Pseudoalteromonas tunicata DSM 14096 (DSMZ, Braunschweig, Germany) and Cyanobium sp. LEGE 10375 were used in this study because they have been described as early colonizers (microfoulers) of marine surfaces [27,28]. Marine P. tunicata was stored at −80 °C in 20% (v/v) glycerol; before experiments, bacteria were spread on the complex marine medium Våatanen Nine Salt Solution (VNSS) prepared according to Holmström et al. [29] and supplemented with 15 g/L agar (VWR International S.A.S., Fontenay-sous-Bois, France), and incubated at 25 °C for 24 h. Then, an overnight culture (16–18 h) of P. tunicata was prepared by transferring colonies from the VNSS agar plate to 150 mL of VNSS broth and incubating at 25 °C, 160 rpm. Cyanobium sp. strain was isolated from the intertidal zone, on a marine sponge, collected in October 2010, at São Bartolomeu do Mar beach (41.57378 N 8.798556 W) located in Esposende, Portugal. This cyanobacterial strain belongs to the Blue Biotechnology and Ecotoxicology Culture Collection (LEGE-CC) deposited at the Interdisciplinary Centre of Marine and Environmental Research (CIIMAR), Porto, Portugal [30]. Cyanobacteria were grown in 750 mL Z8 medium supplemented [31] with 25 g/L of synthetic sea salts (Tropic Marin) and B12 vitamin (Sigma Aldrich, Merck, Saint Louis, MO, USA) under 14 h light (10–30 mol photons/m2/s, λ = 380–700 nm)/10 h dark cycles at 25 °C.

2.4. Biofilm Formation

Biofilm experiments were performed using 12-well microtiter plates (VWR International, Carnaxide, Portugal) under controlled hydrodynamic conditions. Sterilized SilRef and EpoRef coupons were fixed to the microplate wells with double-sided adhesive tape [23]. A P. tunicata suspension at an optical density (OD 610 nm) of 0.1 (which corresponds to 108 cells/mL) was prepared from an overnight culture, while the cyanobacterial culture was centrifuged to remove any traces of the supplemented Z8 medium and the pellet was resuspended in fresh VNSS medium to a final concentration of 108 cell/mL. Subsequently, 3 mL of each cell suspension was added to the wells, and the plates were incubated at 25 °C in an orbital shaker with 25 mm diameter (Agitorb 200ICP, Norconcessus, Ermesinde, Portugal) at 185 rpm under alternate light cycles of 14 h light (10–30 mol photons/m2/s)/10 h dark. According to previous computational fluid dynamic studies performed by the group [23,32], the selected shaking frequency of 185 rpm produces an average shear rate of 40/s and a maximum of 120/s at the plate bottom, including for instance the shear rate estimated for a ship in a harbor (50/s) [33]. Biofilm formation was monitored for seven weeks (49 days) and sampled every seven days.
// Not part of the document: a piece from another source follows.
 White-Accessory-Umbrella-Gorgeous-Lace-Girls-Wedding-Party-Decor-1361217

During the incubation period, the culture medium was replaced twice a week. Three independent biofilm formation experiments (biological replicates) were performed with two technical replicates each (two coupons of SilRef or EpoRef).

2.5. Biofilm Analysis

Every seven days, the culture medium was carefully removed, and the coupons were gently washed with 3 mL of 0.85% (v/v) sterile saline solution to remove loosely attached microorganisms. Two coupons from each experimental condition were analyzed regarding (i) the number of biofilm cells, (ii) biofilm wet weight, and (iii) biofilm thickness. Additionally, the biofilm structure was analyzed at day 49 using confocal laser scanning microscopy (CLSM).
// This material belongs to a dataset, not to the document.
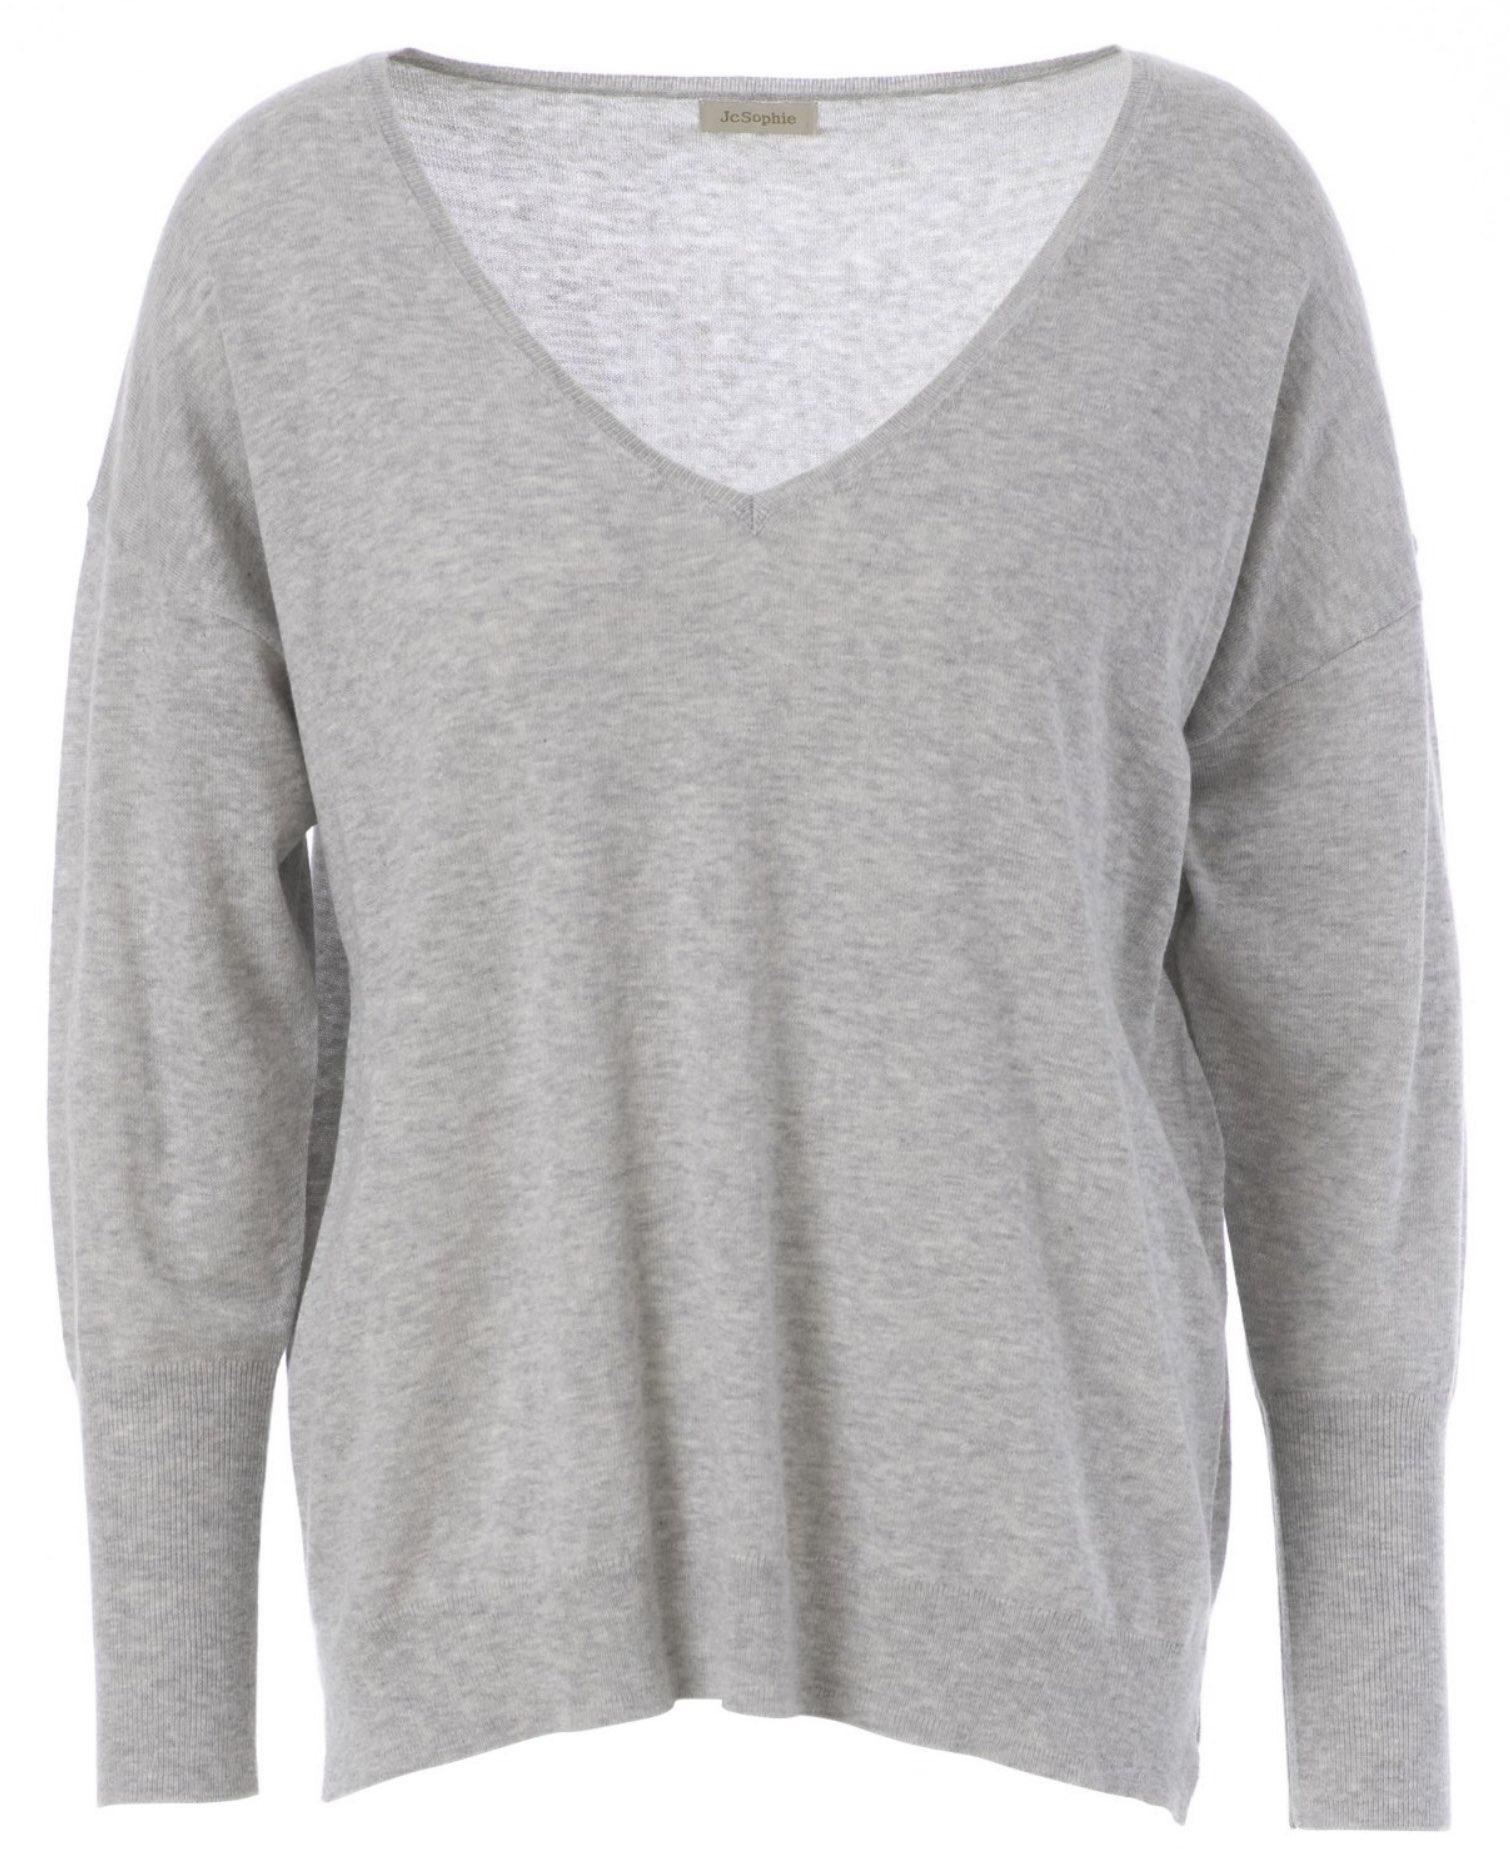 JcSophie C3119 Sweater Clio Grey Melange

2.5.1. Biofilm Cell Counting and Wet Weight

For cell counting, coupons were taken out of the wells, dipped in 2 mL of 0.85% (v/v) sterile saline solution and vortexed for 3 min at maximum power to release biofilm cells. Then, 10 μL of each cell suspension was placed on each side of a Neubauer chamber and observed in a brightfield microscope (Nikon Eclipse LV100 microscope, Nikon Corporation, Tokyo, Japan).
To assess the wet weight of biofilms, coupons were removed from the wells with a tweezer and weighted on an analytical balance. The biofilm wet weight was determined by the difference between the initial weight of coupon (before inoculation) and the weight measured on the sampling day.

2.5.2. Biofilm Thickness

Biofilm thickness was assessed through optical coherence tomography (OCT) (Thorlabs Ganymede Spectral Domain Optical Coherence Tomography system, Thorlabs GmbH, Dachau, Germany) with a central wavelength of 930 nm. Before biofilms were imaged, the culture medium was carefully removed from the microplate wells, the coupons were gently washed, and the wells were filled with 3 mL of 8.5 g/L sodium chloride sterile solution. Since biofilms are essentially composed of water [34], the established refractive index was 1.40, close to the refractive index of water (1.33). At each sampling day, a minimum of five different fields of view (2D images) per material and microorganism were analyzed and captured. Image analysis was performed using a routine developed in the Image Processing Toolbox from MATLAB 8.0 and Statistics Toolbox 8.1 (The MathWorks, Inc., Natick, MA, USA), as described by Romeu et al. [35].

2.5.3. Confocal Laser Scanning Microscopy (CLSM)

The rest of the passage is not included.